Table 1 Bacterial strains used in this
study. Strain Relevant genotype Source or reference E. coli JM109 recA1 endA1gyrA96 thi-1 hsdR17 (r K – m K +) Stratagene supE44 relA1Δ(lac-proAB) [F' traD36 proAB lacI qZΔM15] E. coli BL21(DE3)pLysS F- ompT r – B m – B dcm gal tonA (DE3) pLysS (CmR)  E. coli EP314 W3110 Δ(lacIOPZYA) exa-1::Mu  dI1734 Km lac) in cadA] cadC1::Tn10 E. coli EP-CD4 E. coli EP314 lysP::Cm This work E. coli MG1655 K12 reference strain  E. coli MG1655ΔdsbA E. coli MG1655 ΔdsbA::Kan This work E. coli MG1655ΔdsbB E. coli MG1655 ΔdsbB::Kan This work E. coli MG1655ΔdsbC E. coli MG1655 ΔdsbC::Cm This work E. coli MG1655ΔdsbD E. coli MG1655 ΔdsbD::Kan This work E. coli MG1655ΔdsbG E. coli MG1655 ΔdsbG::Kan This work E. coli MG1655ΔccmG E. coli Nutlin-3a research buy MG1655 ΔccmG::Kan This work Table 2 Plasmids used in this study. Plasmid Relevant genotype Source or reference Aurora Kinase inhibitor pET16b Expression Crenolanib concentration vector, Apr Novagen pET16b-cadC cadC in pET16b  pET16b-cadC_C172A
Amino acid exchange C172A in cadC, This work cadC_C172A in pET16b pET16b-cadC_C208A cadC_C208A in pET16b This work pET16b-cadC_C272A cadC_C272A in pET16b This work pET16b-cadC_C172A,C208A cadC_C172A,C208A in pET16b This work pET16b-cadC_C172A,C272A cadC_C172A,C272A in pET16b This work pET16b-cadC_C208A,C272A cadC_C208A,C272A in pET16b This work pET16b-cadC_C172A,C208A,C272A cadC_C172A,C208A,C272A in pET16b This work pET16b-cadC_C208D,C272K cadC_C208D,C272K in pET16b This work pET16b-cadC_C208K,C272D cadC_C208K,C272D in pET16b This work pET16b-cadC_C172A,C208D,C272K cadC_C172A,C208D,C272K in pET16b This work pBAD33 Expression vector, Cmr  pBAD33-lysP lysP in pBAD33 Liothyronine Sodium  Site-directed mutants are designated as follows: The one letter code is used, followed by a number indicating
the position of the amino acid in wild-type CadC. The sequence is followed by a second letter denoting the amino acid replacement at this position.
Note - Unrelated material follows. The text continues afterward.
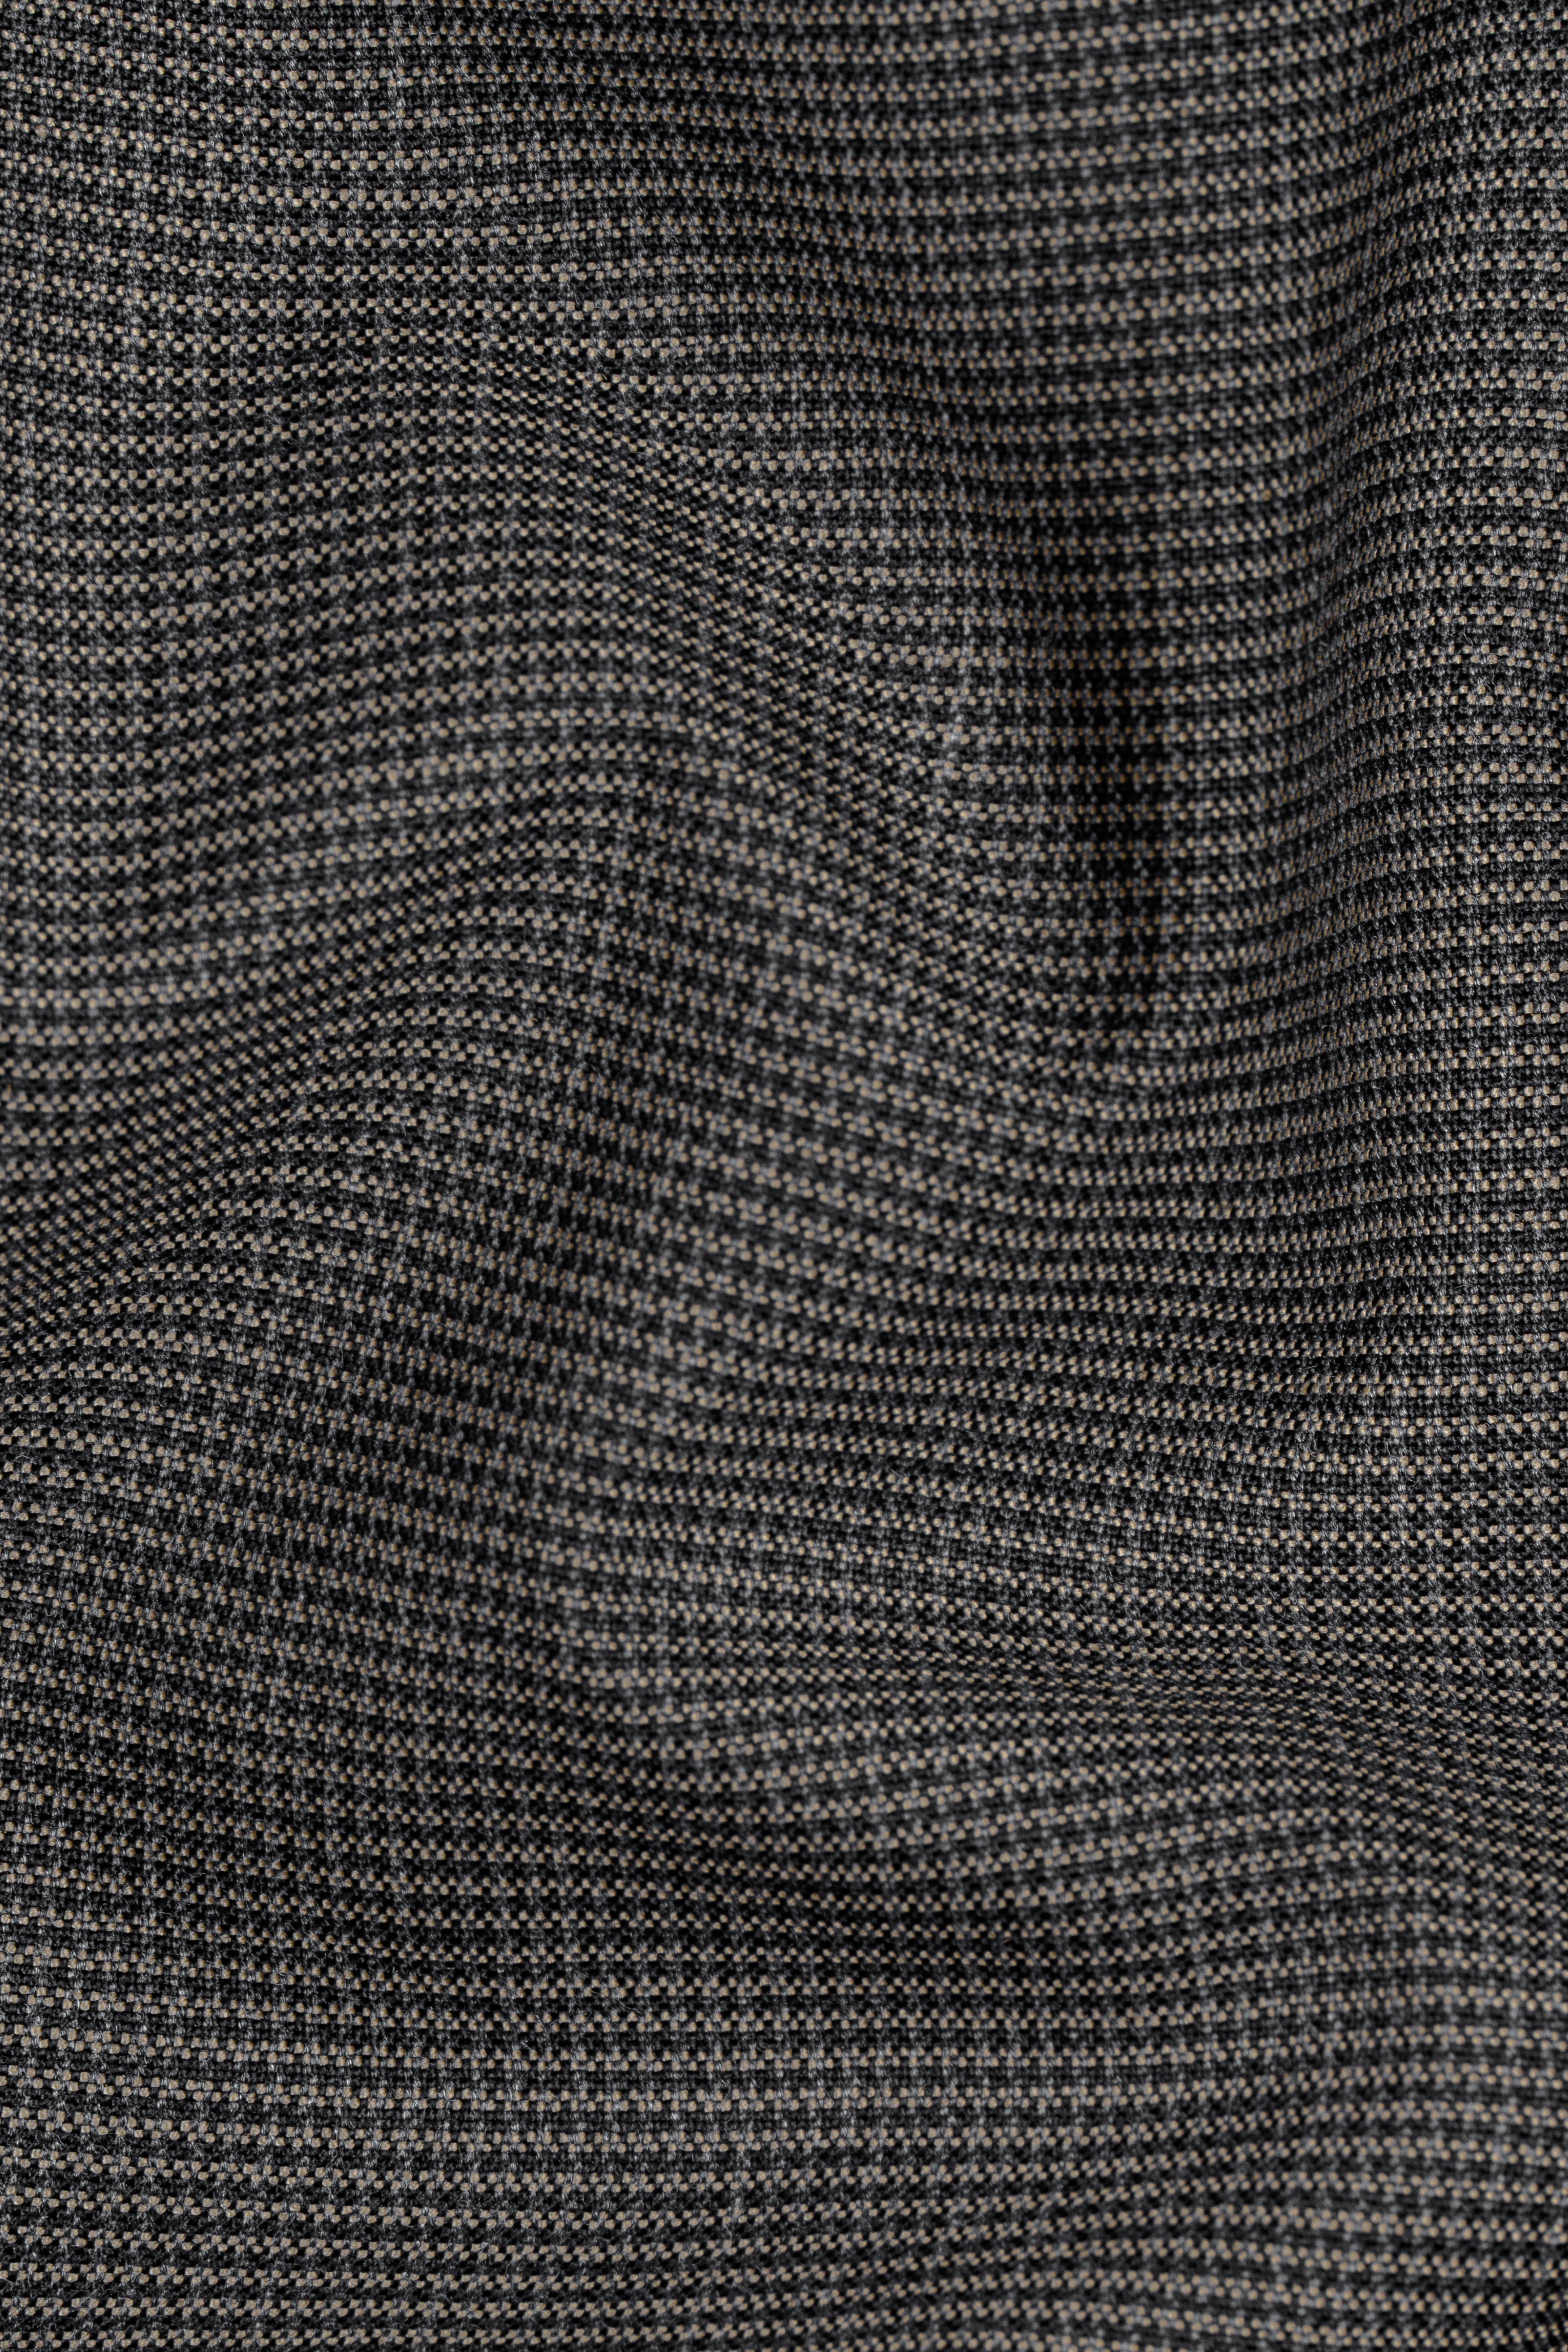 Iridium Gray Textured Wool Rice Tuxedo Blazer

Generation of plasmids and strains All cadC derivatives were constructed by polymerase chain reaction (PCR) with mismatch primers either by single step or by two step PCR . To facilitate construction, a cadC gene with two additional unique restriction sites was employed . All site-specific mutations were directed by synthetic oligonucleotide primers containing the required nucleotide exchanges. PCR fragments were cloned into the expression vector pET16b with the restriction enzymes NdeI and BamHI so that all constructs carried the sequence encoding an N-terminal His-Tag of 10 histidine residues. E. coli EP-CD4, E. coli MG1655ΔdsbA, E. coli MG1655ΔdsbB, E. coli MG1655ΔdsbC, E. coli MG1655ΔdsbD, MG1655ΔdsbG and MG1655ΔccmG were constructed by deleting the genes lysP, dsbA, dsbB, dsbC, dsbD, dsbG and ccmG, respectively, via the Quick & Easy E.